2. Interdicting and restraining the first respondent from being in the second respondent's employ until after 24 January 2004.
3. Interdicting and restraining the first respondent for a period of 12 months from 24 January 2003 from being involved in the restraint area with any entity that markets, produces, sells, administers and hosts events similar to and/or in direct or indirect competition with or may be in direct or indirect competition with such events as marketed, produced, sold, administered and/or hosted by the applicant as at 24 January 2003 and for a period of 1 2 months prior to 24 January 2003 where, for the purposes of this order -
3.1 'entity' means any person, partnership, close corporation, company, association, firm, business undertaking, trust, association for gain or any other vehicle, whether a legal persona or not, whereby business is carried on and any government department or agency, municipality, public utility or statutory body;
3.2 "events" means conferences, seminars, training and/or speaker events including "guru-events";
3.3 "involved" means a direct or indirect interest in an entity whether as a shareholder, director, partner, owner, principal, agent, employee, representative.
financier or consultant to that entity or whether by way of part-time or fulltime employment by that entity, or whether in any other capacity whatsoever, but excluding the holding of not more than 5 percent of the issued share capital of any company listed on any Stock Exchange; 3.4 "restraint area" means the geographical area situated within an 80 kilometre radius from the Johannesburg City Hall, corner Rissik and Market Streets, Johannesburg.
4. Directing that the respondent immediately returns all the applicant's property that may still be in the first respondent's possession or under her control such as brochures, pamphlets, written instructions, notes, memoranda or recordings relating to the applicant's business which may have come into the first respondent's possession and/or which may have been made (presumably available should appear thereafter! by the first during her employment with the applicant including all information (schedules, precedents and the like) captured and recorded electronically on computer disc or computer hard drive as well as information in hard copy, i.e. document form.
5. Interdicting and restraining the first respondent with immediate effect, and henceforth to desist from using confidential information (as defined and set out in the restraint agreement dated 13 September 2002 or any portion thereof) for her own and/or the second respondent's purposes or benefits or for any other purpose whatsoever.
6. Directing the second respondent to immediately terminate the employment of the first respondent.
7. Interdicting and restraining the second respondent from employing the first respondent until after 24 January 2004.
8. Interdicting and restraining the first and the second respondent from holding conferences as described and set out in X hereto ("the offending conferences") on the planned dates or any other dates.
9. Ordering the first respondent and the second respondent to pay the costs of this application jointly and severally, the one paying the other to be absolved."
There are some 14 conferences that are affected in the schedule, Annexure X, referred to above.
The facts in this case are common cause although the inference to be drawn from certain of the facts is not.
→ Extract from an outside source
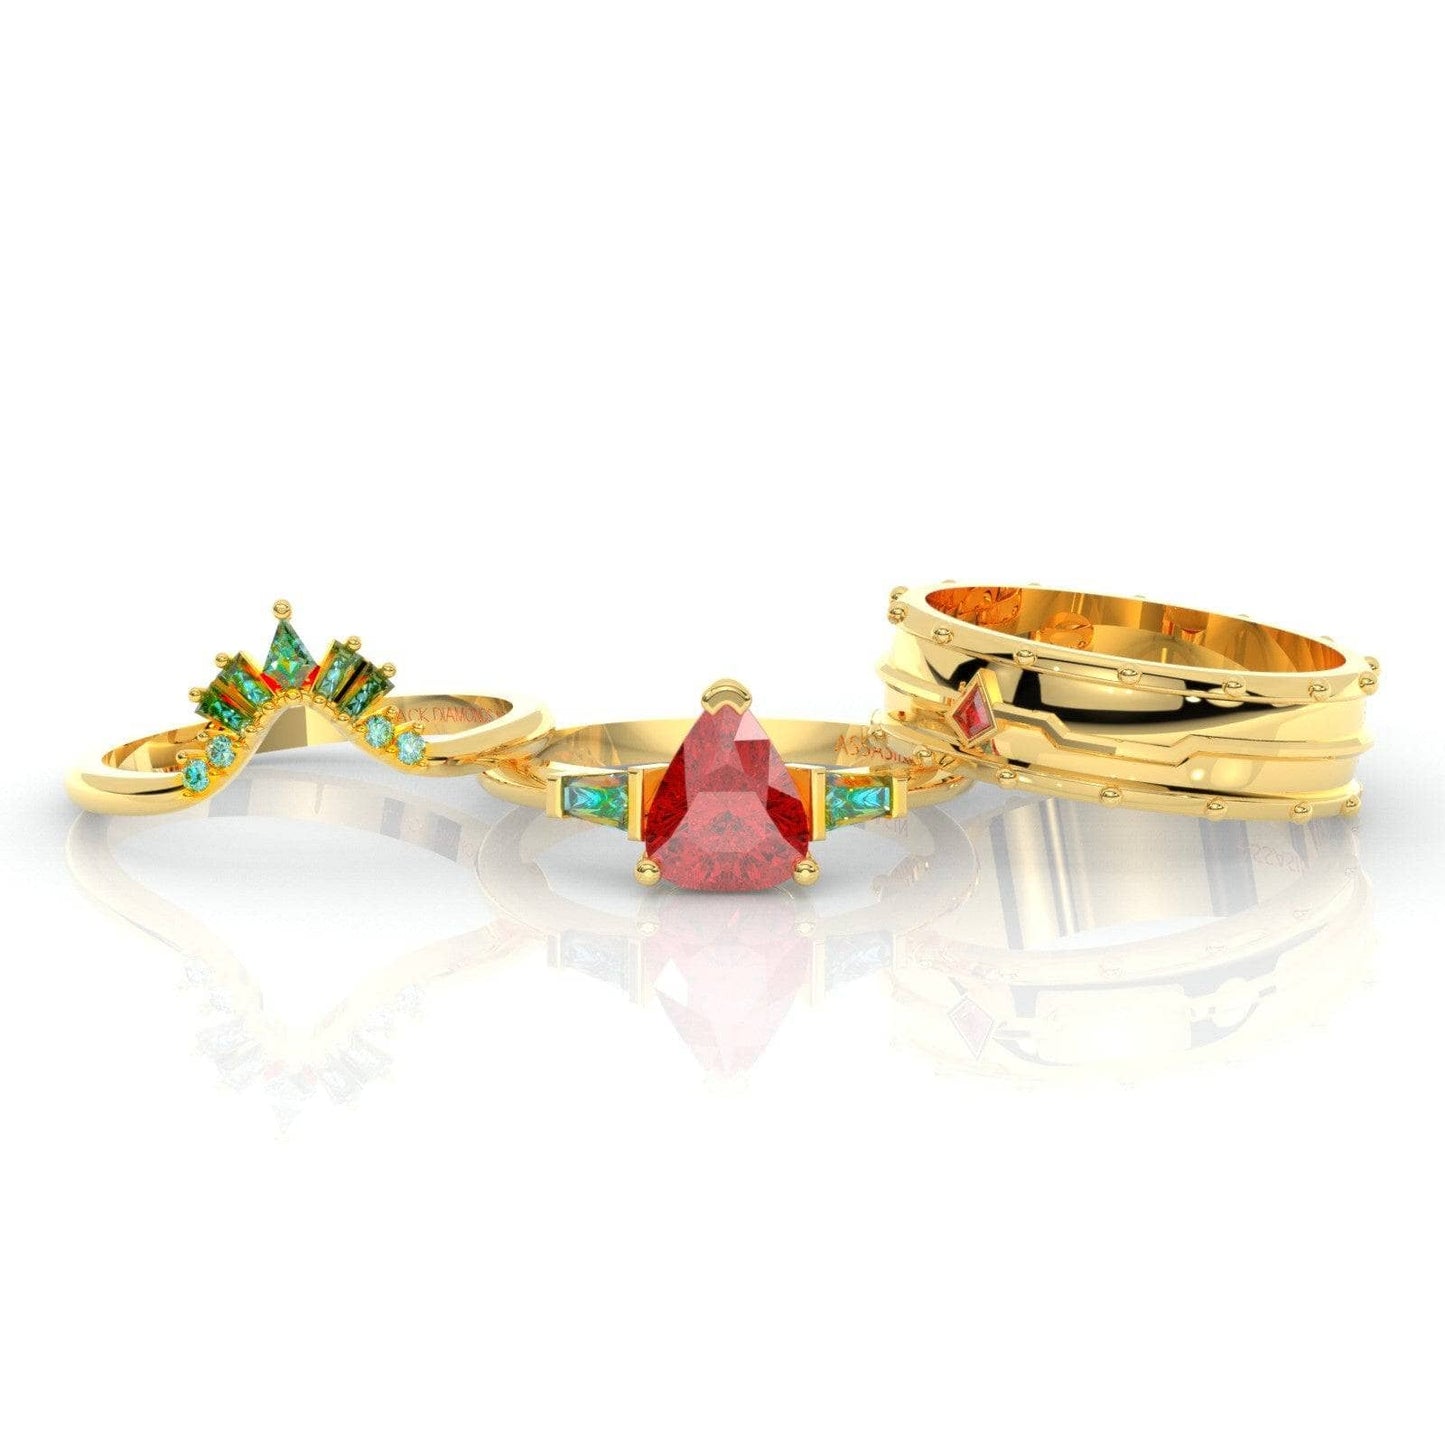 Assasin's Romance Engagement Ring- 14k Yellow Gold Video Game Inspired Rings - Black Diamonds New York

The first respondent had been employed by the applicant as a "conference producer". In terms of the contract of employment dated 23 June 2000 she was employed at a gross monthly salary of R6 500,00 which included a car allowance of R1 000,00 per month. She signed a confidentiality and restraint of trade agreement which was included as a clause of the contract of employment.
The first respondent resigned from her employment with the applicant and worked for the second respondent in breach of the restraint of trade agreement. She has not opposed this application. The applicant and the second respondent are competitors in the business of organising conferences. This is a very competitive industry.
The second respondent does, however, oppose this application and the issue which has generated much heat in the application is the relief sought in paragraph 8, namely an interdict restraining the second respondent from holding the conferences as described in Annexure X hereto.
The second respondent, when its attention was drawn to the fact that the first respondent was working for the second respondent in breach of her restraint of trade agreement, convened a disciplinary enquiry against the first respondent and ultimately dismissed her. Therefore much of the relief sought by the applicant is irrelevant.
Technically there may be some merit in interdicting the first respondent from, for example, using confidential information but as she has been dismissed, I see no necessity for making an interdict along these lines.
Furthermore, the relief sought against the first respondent relating to the return of such documents as she may have in her possession, also seems to me to be irrelevant as there is nothing before me to indicate that she is indeed in possession of any such documents in breach of her agreement although of course I accept that she may be. These issues were faintly pursued by Mr Weiner, who appears for the applicant.
As I have already indicated, the keenly contested issue, the gravamen of this entire case and the issue which is of critical importance to both the applicant and the second respondent is whether or not I should interdict the second respondent from holding these conferences. It goes without saying that if the court were to interdict the second respondent accordingly, there would be a considerable economic penalty entailed for the second respondent, and much inconvenience, not only to the second respondent but also to people who have either registered for these conferences or were planning to attend them.
It is common cause that the first respondent assisted in "putting the conferences together". She was not, however, the sole or exclusive cause of these conferences being set up.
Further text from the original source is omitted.